Should the listing contain images, exclude them; give the rest again exactly.

Provided material
BEGIN

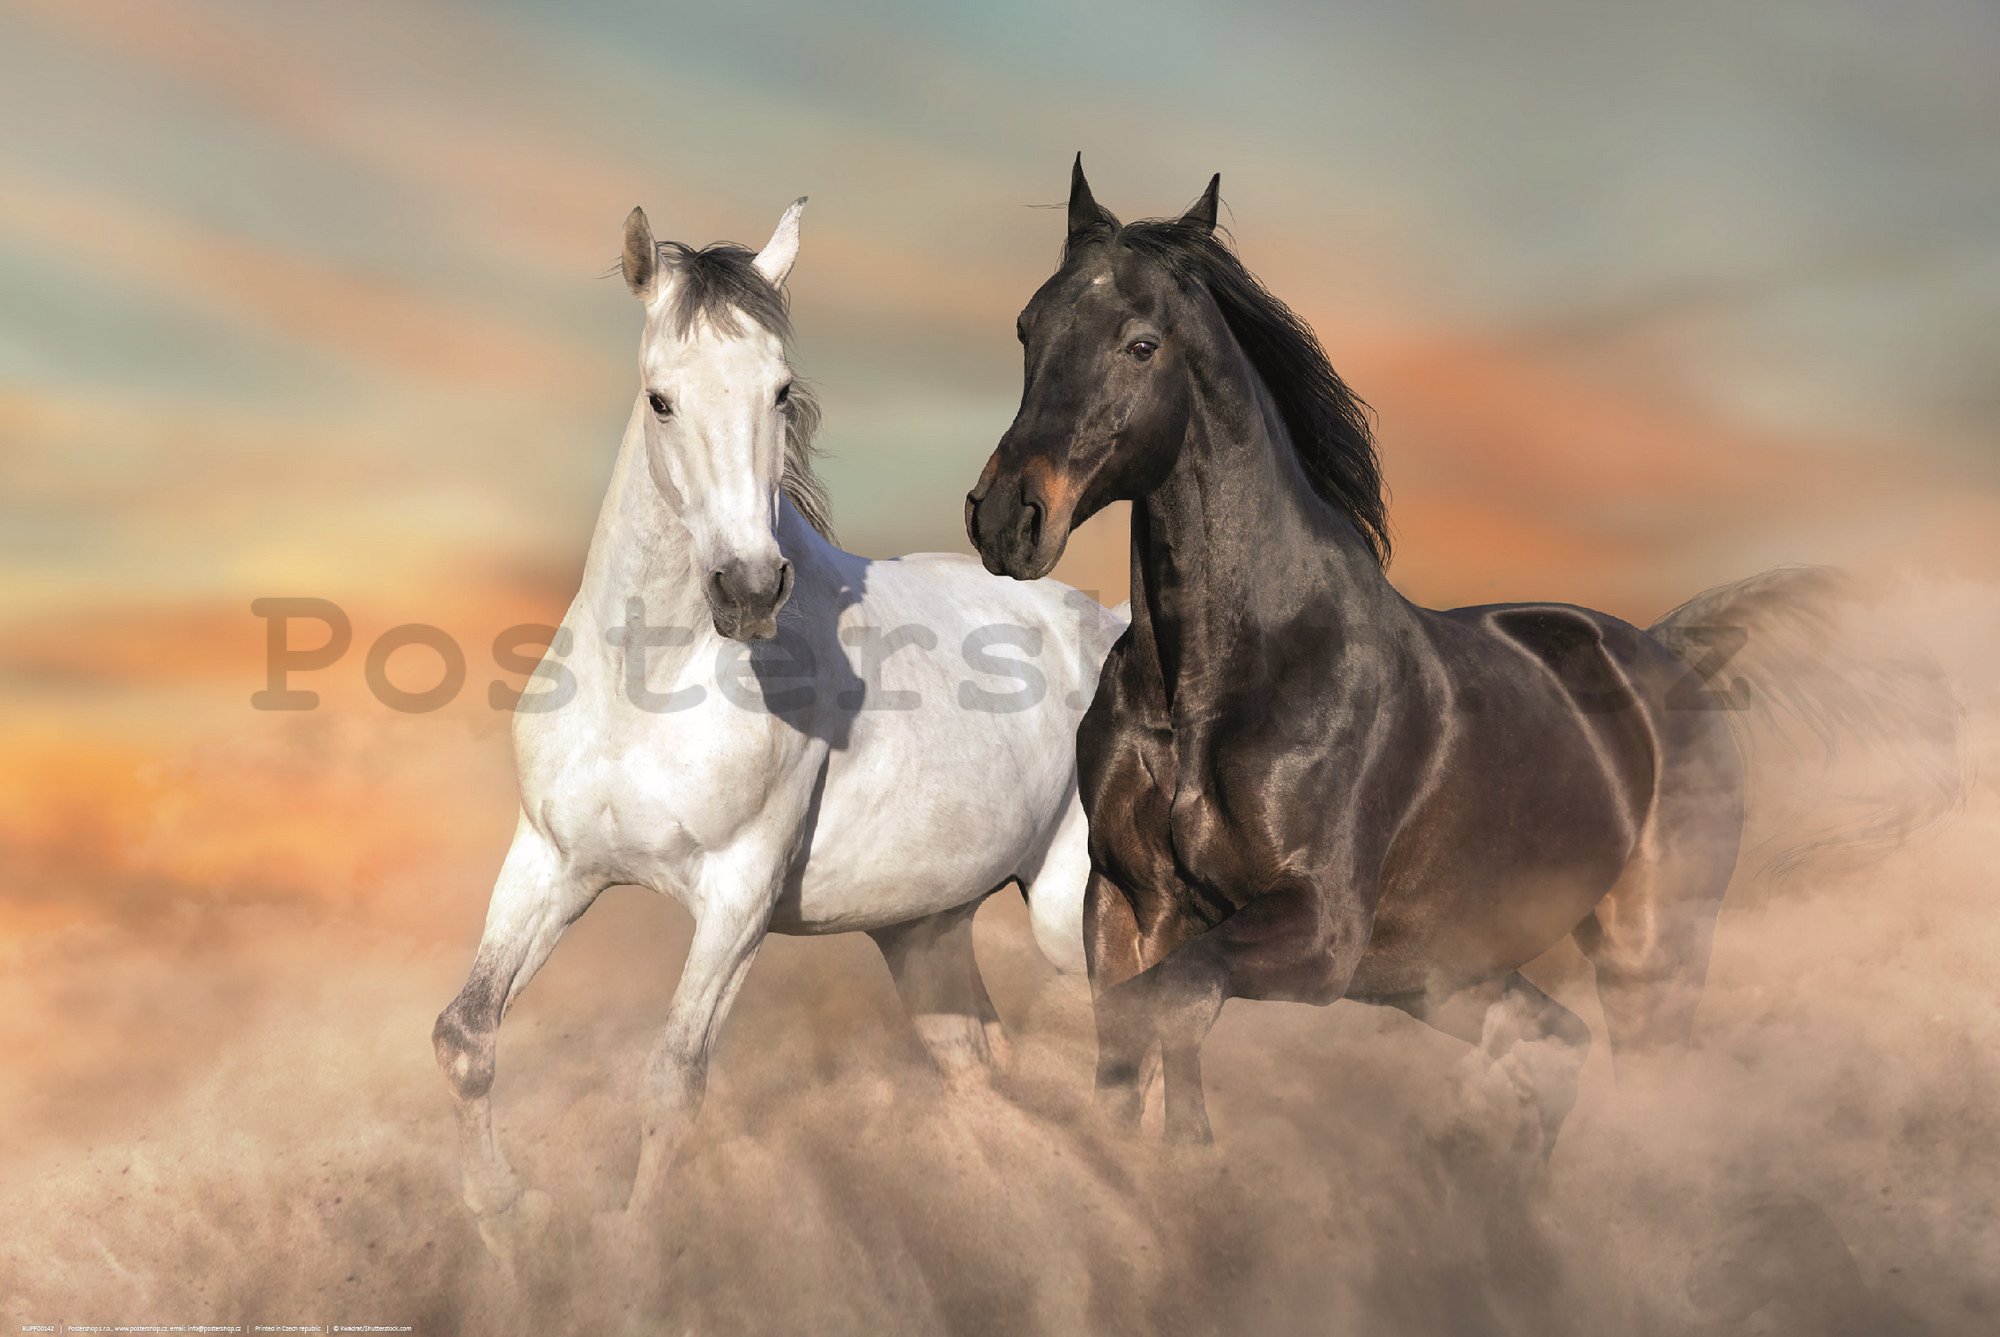 Plakát: Cválající koně v písku
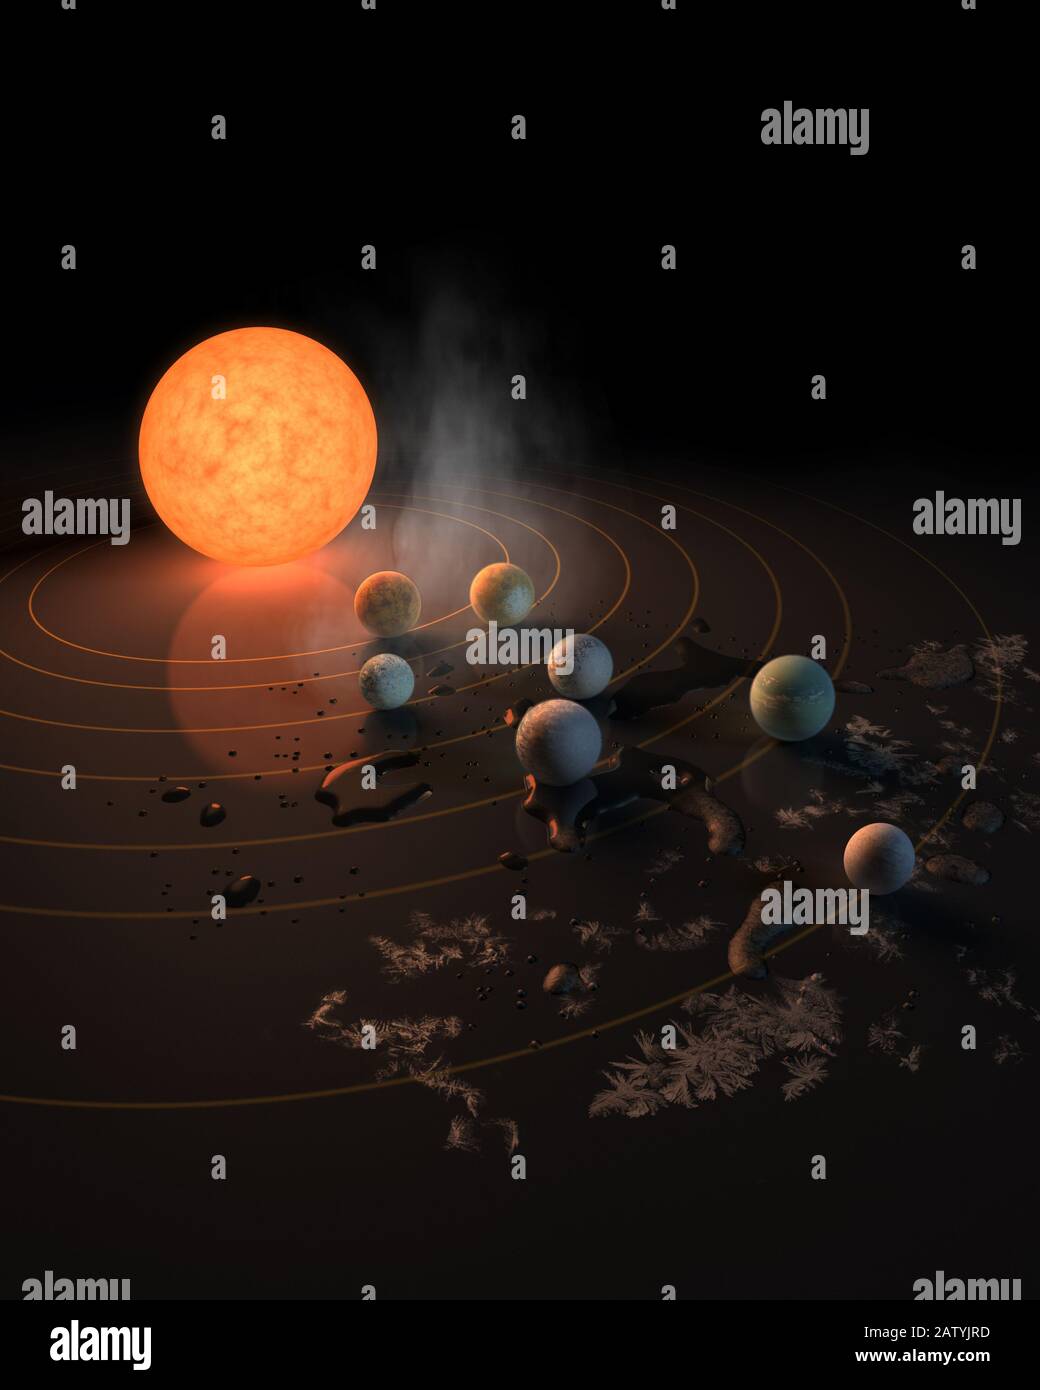 À seulement 40 années-lumière — un jet de pierre sur l'échelle de notre galaxie — plusieurs planètes de la taille de la Terre orbitent autour de L'étoile naine rouge TRAPPIST-1. Quatre de la p Banque D'Images
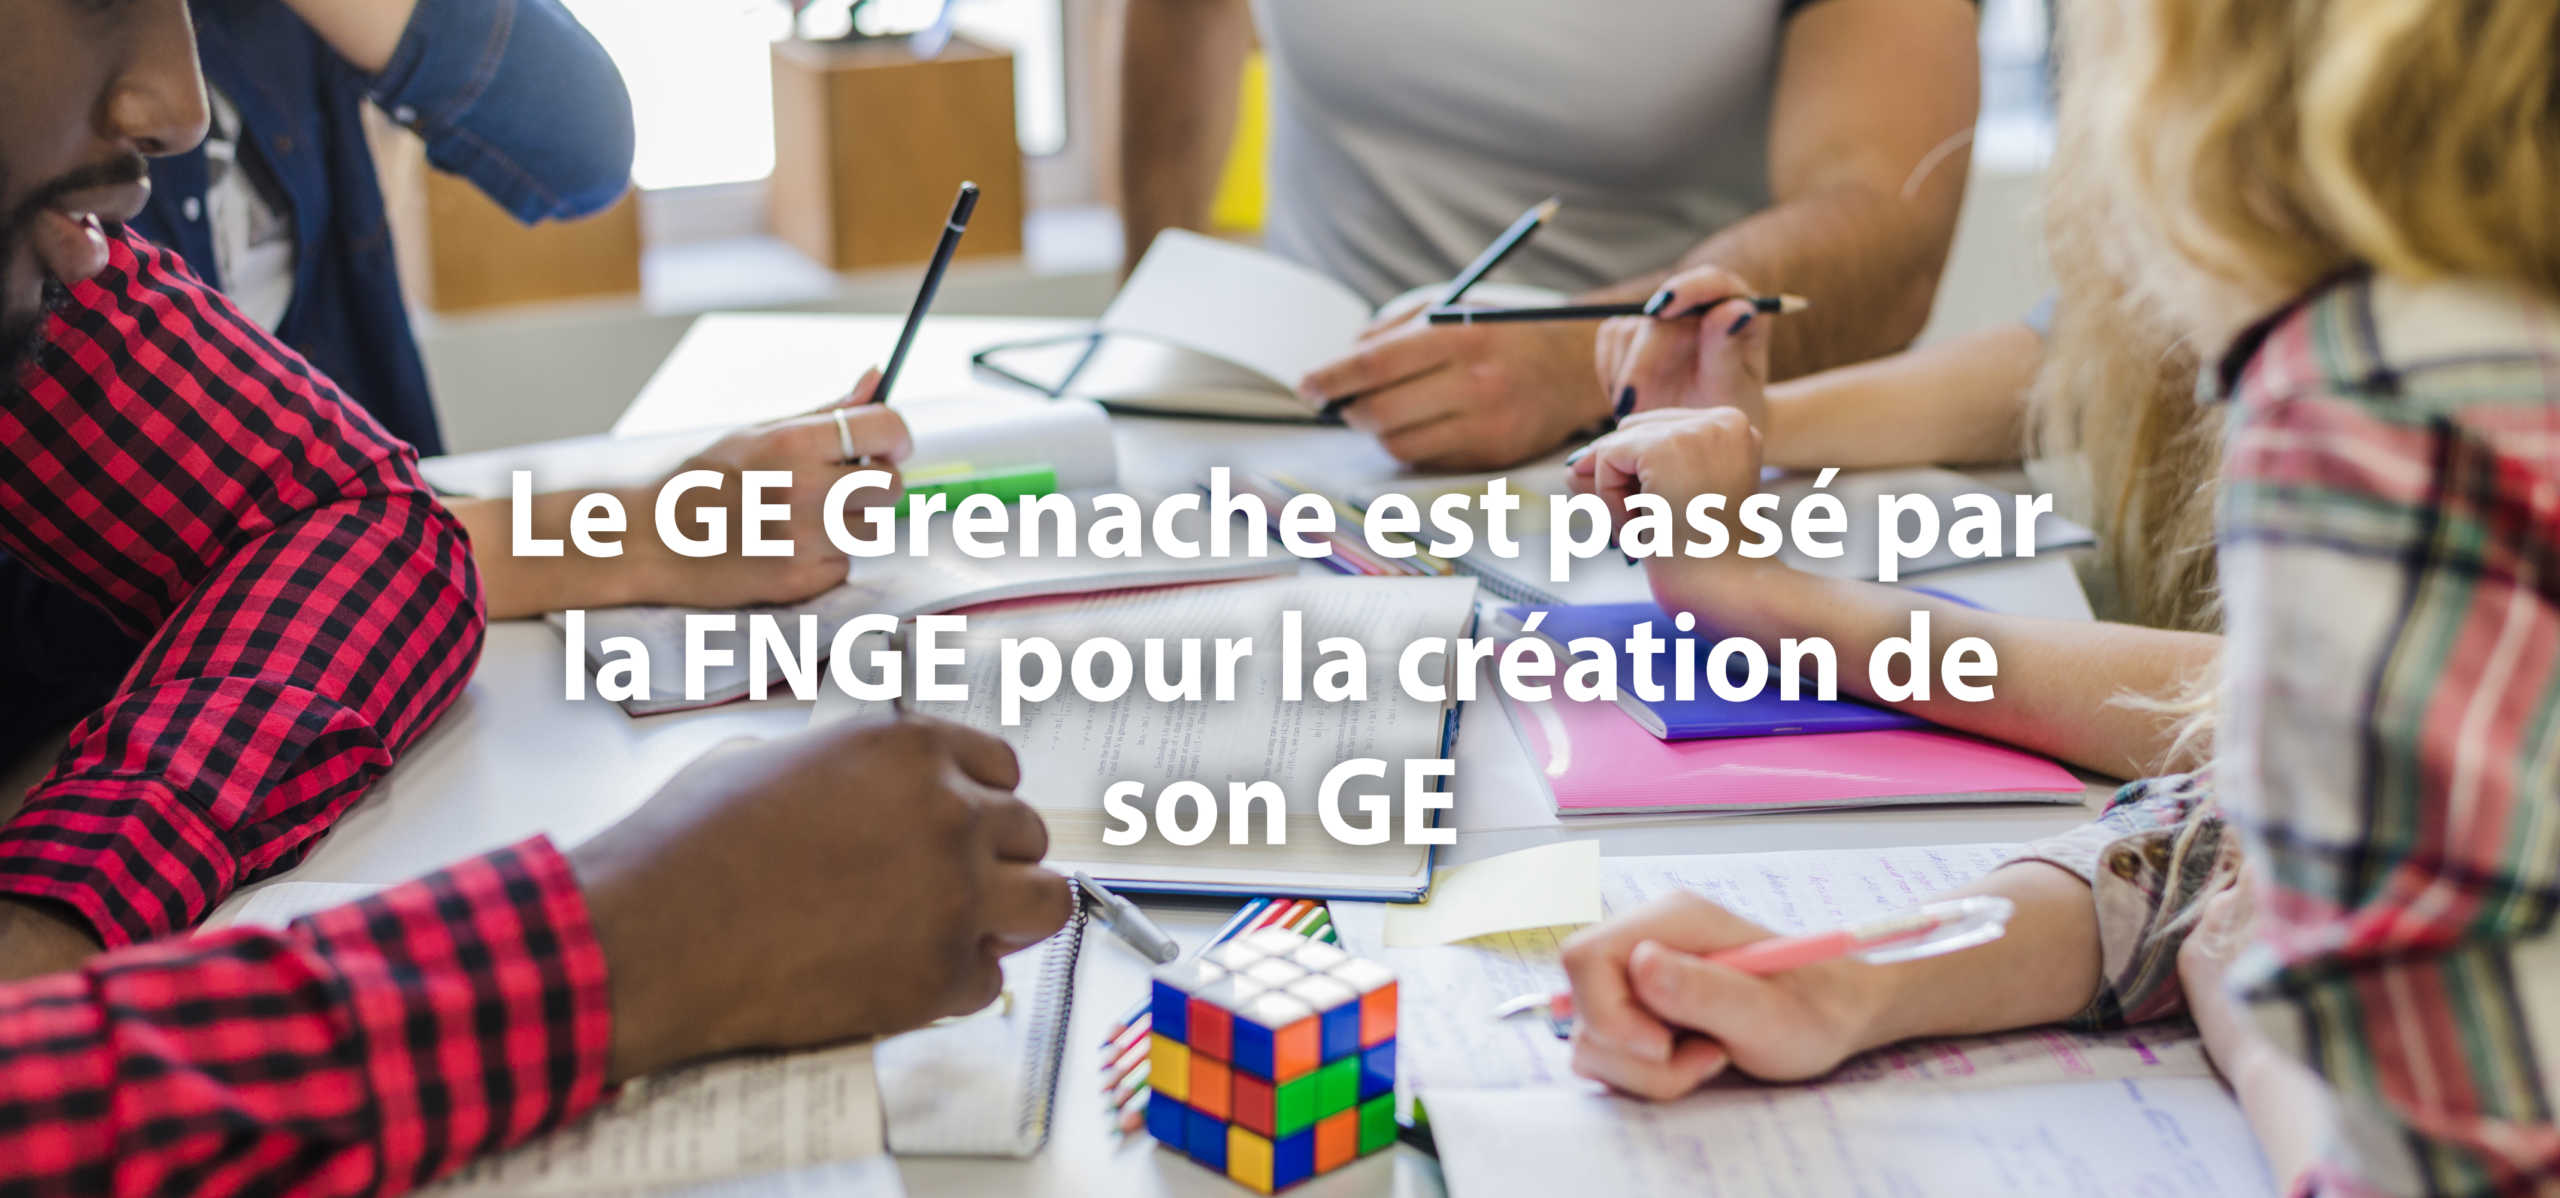 Le GE Grenache est passé par la FNGE pour la création de son GE

END

Response for this exercise
 Plakát: Cválající koně v písku
 À seulement 40 années-lumière — un jet de pierre sur l'échelle de notre galaxie — plusieurs planètes de la taille de la Terre orbitent autour de L'étoile naine rouge TRAPPIST-1. Quatre de la p Banque D'Images
 Le GE Grenache est passé par la FNGE pour la création de son GE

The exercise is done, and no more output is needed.